El Premio Nobel de Literatura no establece ningún canon y si lo estableciera resultaría demasiado arbitrario para merecer alguna consideración. Entre los que han recibido tan renombrado galardón hay buenos escritores que siguen siendo prácticamente unos desconocidos más allá de su pequeño país y también escritores afamados con obras para el olvido que después de recibir el premio
Por hablar sólo de los últimos concedidos a la literatura castellana, se podría decir que Jorge Luis Borges es ya, irremediablemente, un injusto ausente; el concedido en 1990 a Octavio Paz, un premio merecido y el otorgado en 1989 a Camilo José Cela, rancio y literariamente anacrónico en la recta final del siglo XX. Lo mismo que una vez concedido a Gabriel García Márquez en 1982 hace tiempo que dejó de tener sentido el postular a Vargas Llosa. Pero esto, por supuesto, es todo completamente tan opinable y dudoso como el mencionado premio, que comenzó allá por el año 1901 prefiriendo tristemente a Sully Prudhomme frente a León Tolstoi.
Pero al margen de los numerosos criterios que cada cual puede emplear para confeccionar listas de ausentes, errores y aciertos, el jurado de tan prestigioso galardón ha convertido en imagen de marca una especie de snobismo irónico que, en cierta forma, desacraliza el premio, distanciándolo de los dictados del Top teneditorial y diferenciándolo de esos muchos otros certámenes en los que los galardonados son proclamados antes incluso de que el tribunal de méritos delibere. Después de todo, no deja de tener su punto de gracia que en un mundo como el actual en el que casi todo viene ya dado, el Nobel de Literatura conserve capacidades inagotables para la sorpresa y de nuevo el premio vaya a manos de una escritora casi desconocida. Más si además, por poner un ejemplo, en la sorpresa, de vez en cuando, se incluyen agradables hallazgos como el de la polaca Wislawa Szymborska en 1996.

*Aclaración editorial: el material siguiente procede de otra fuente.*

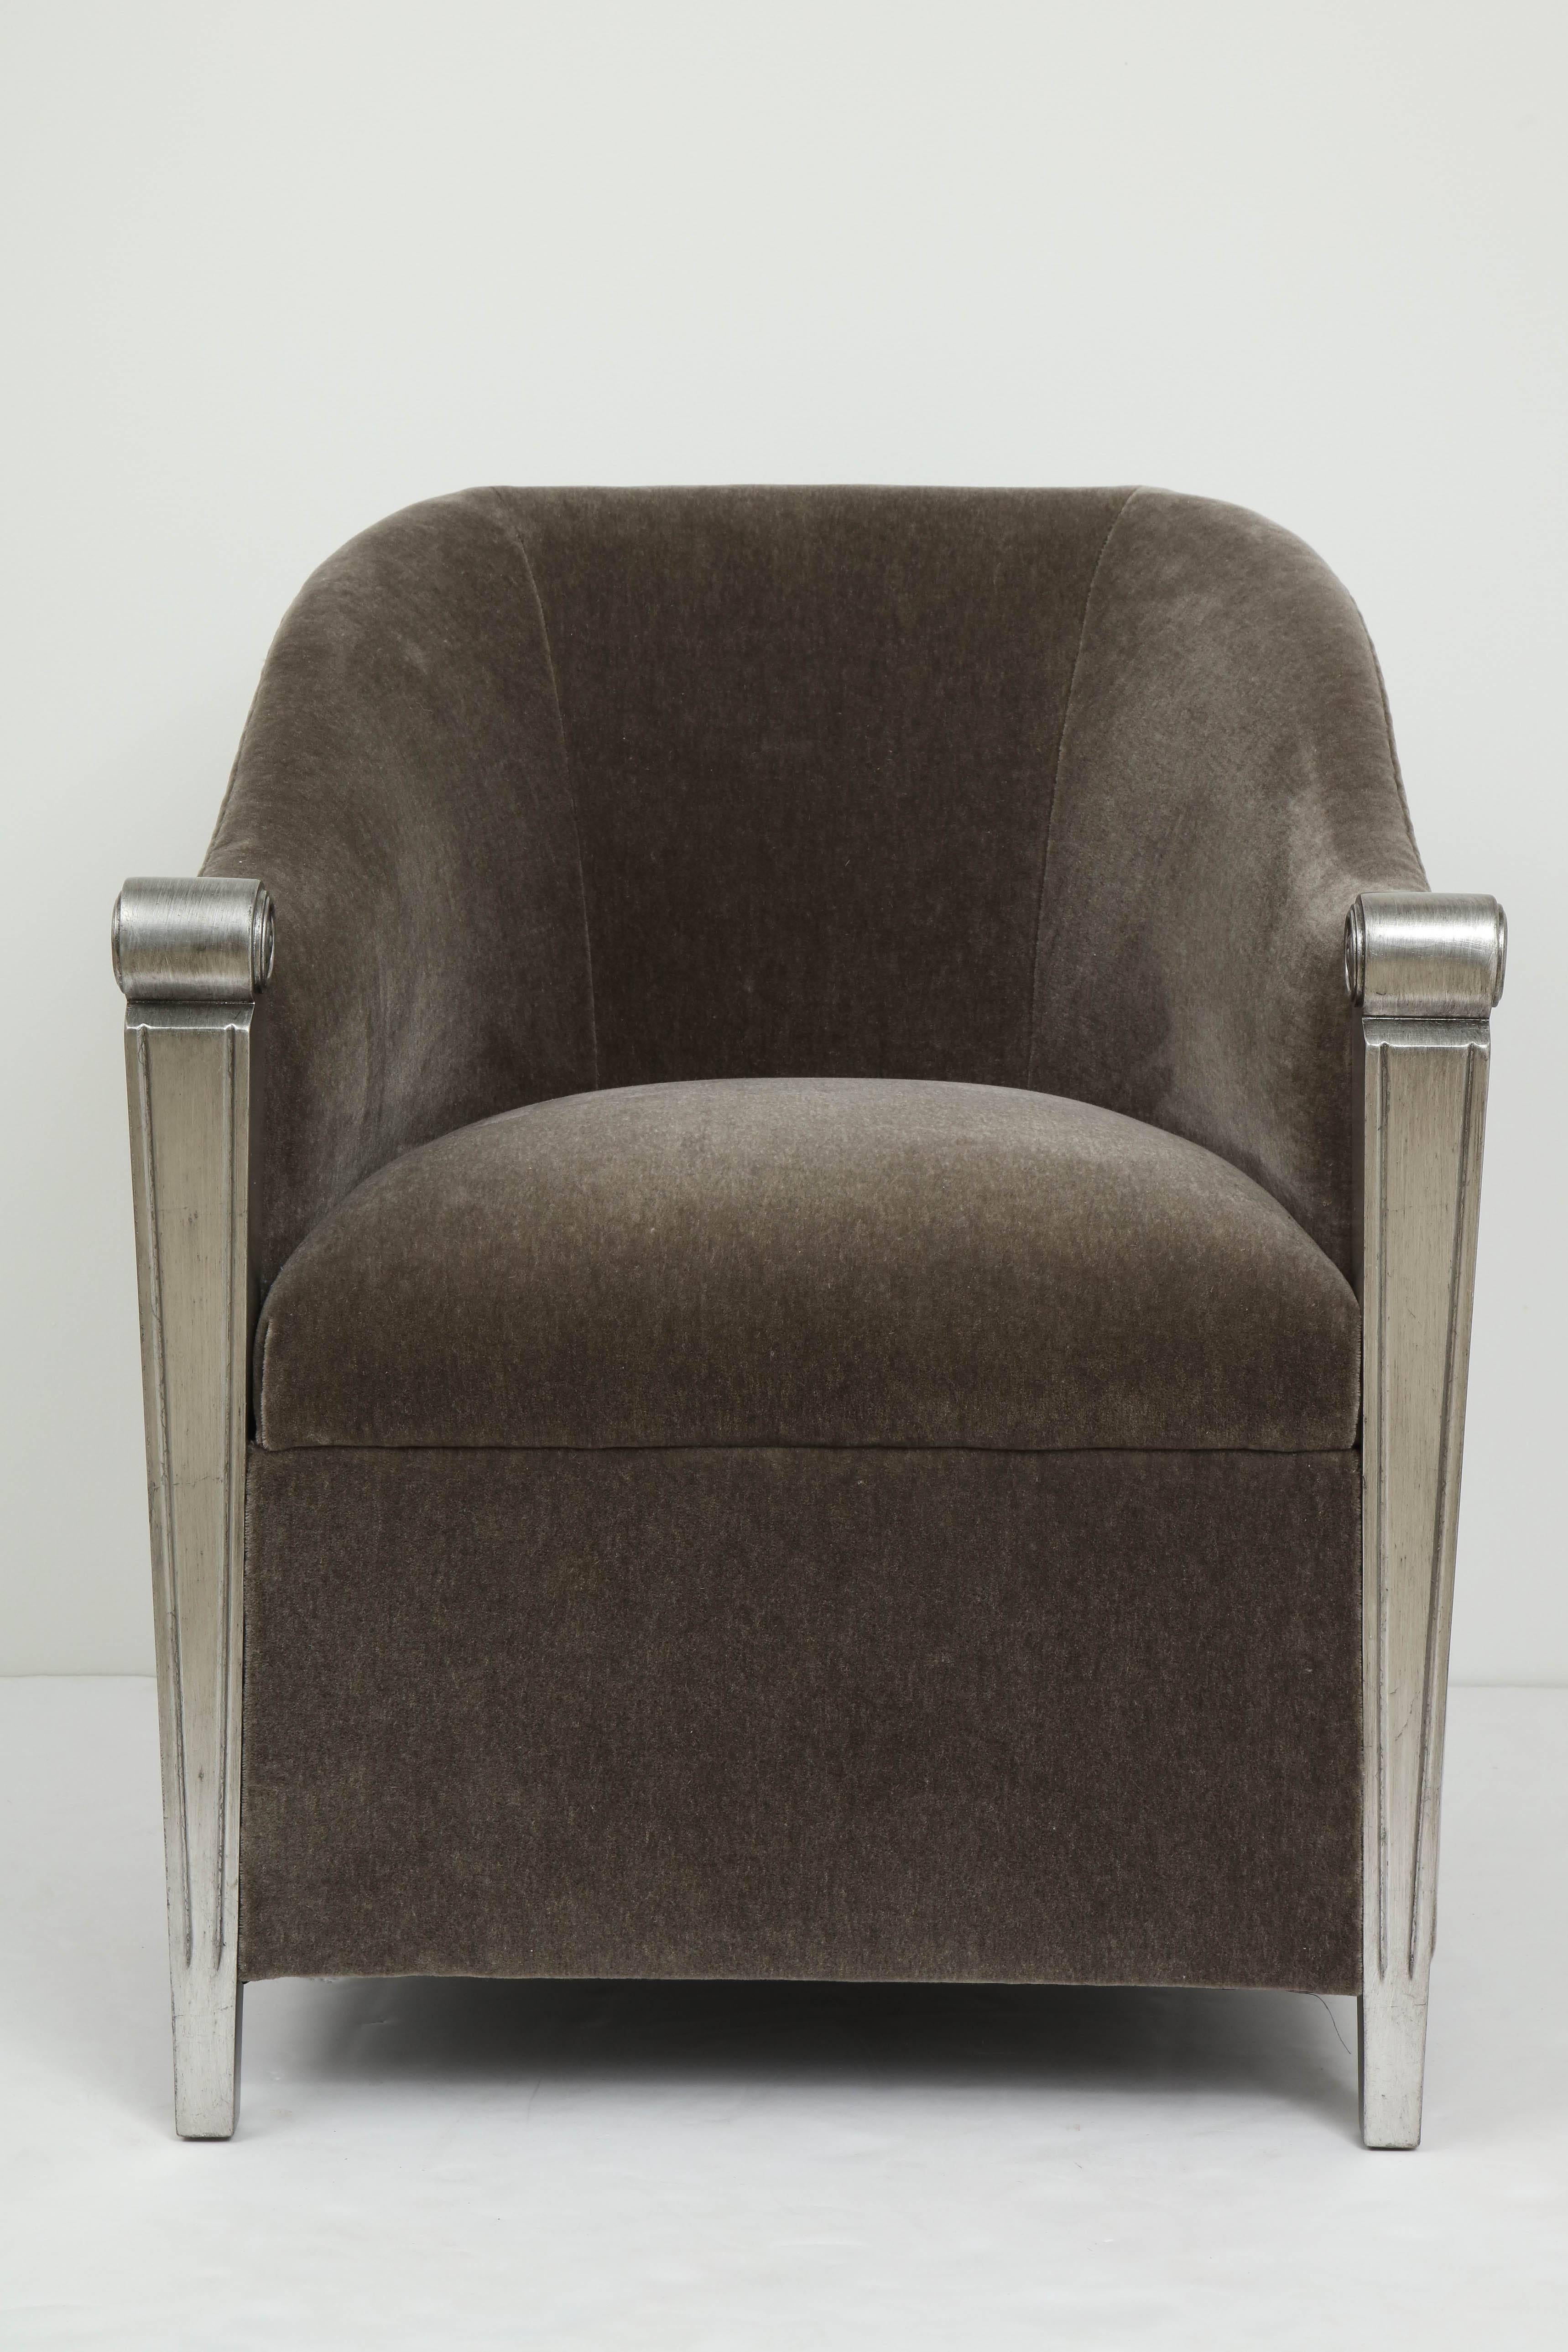 Stunning pair of aged silver leaf framed club chairs with new plush, medium grey mohair upholstery. Chairs have a barrel back silhouette and two splayed back legs. Chairs are in mint restored condition.

Como afirmara la misma Szymborska en su discurso de recepción del Premio en Estocolmo: Nos sorprende lo que se sale de una norma conocida y ampliamente aceptada, de alguna incuestionabilidad a la que estamos acostumbrados. Pero he aquí que este mundo incuestionable no existe en absoluto. Nuestra sorpresa tiene vida propia y no resulta de la comparación con nada.
La galardonada de este año, como ya todo el mundo conoce, ha sido la austriaca Elfriede Jelinek. Una Jelinek que tras comunicársele el premio decía redundando en la sorpresa: "Por supuesto que me alegro, no tiene sentido negarlo, pero siento en realidad más desesperación que alegría. No me siento preparada como persona para hacer frente a la opinión pública, me siento amenazada". Y ya sólo por esta respuesta a mí, al menos, me dan de ganas de dar la bienvenida a la sorpresa y probar en la lectura si, además de suerte, hay vida propia en el hallazgo.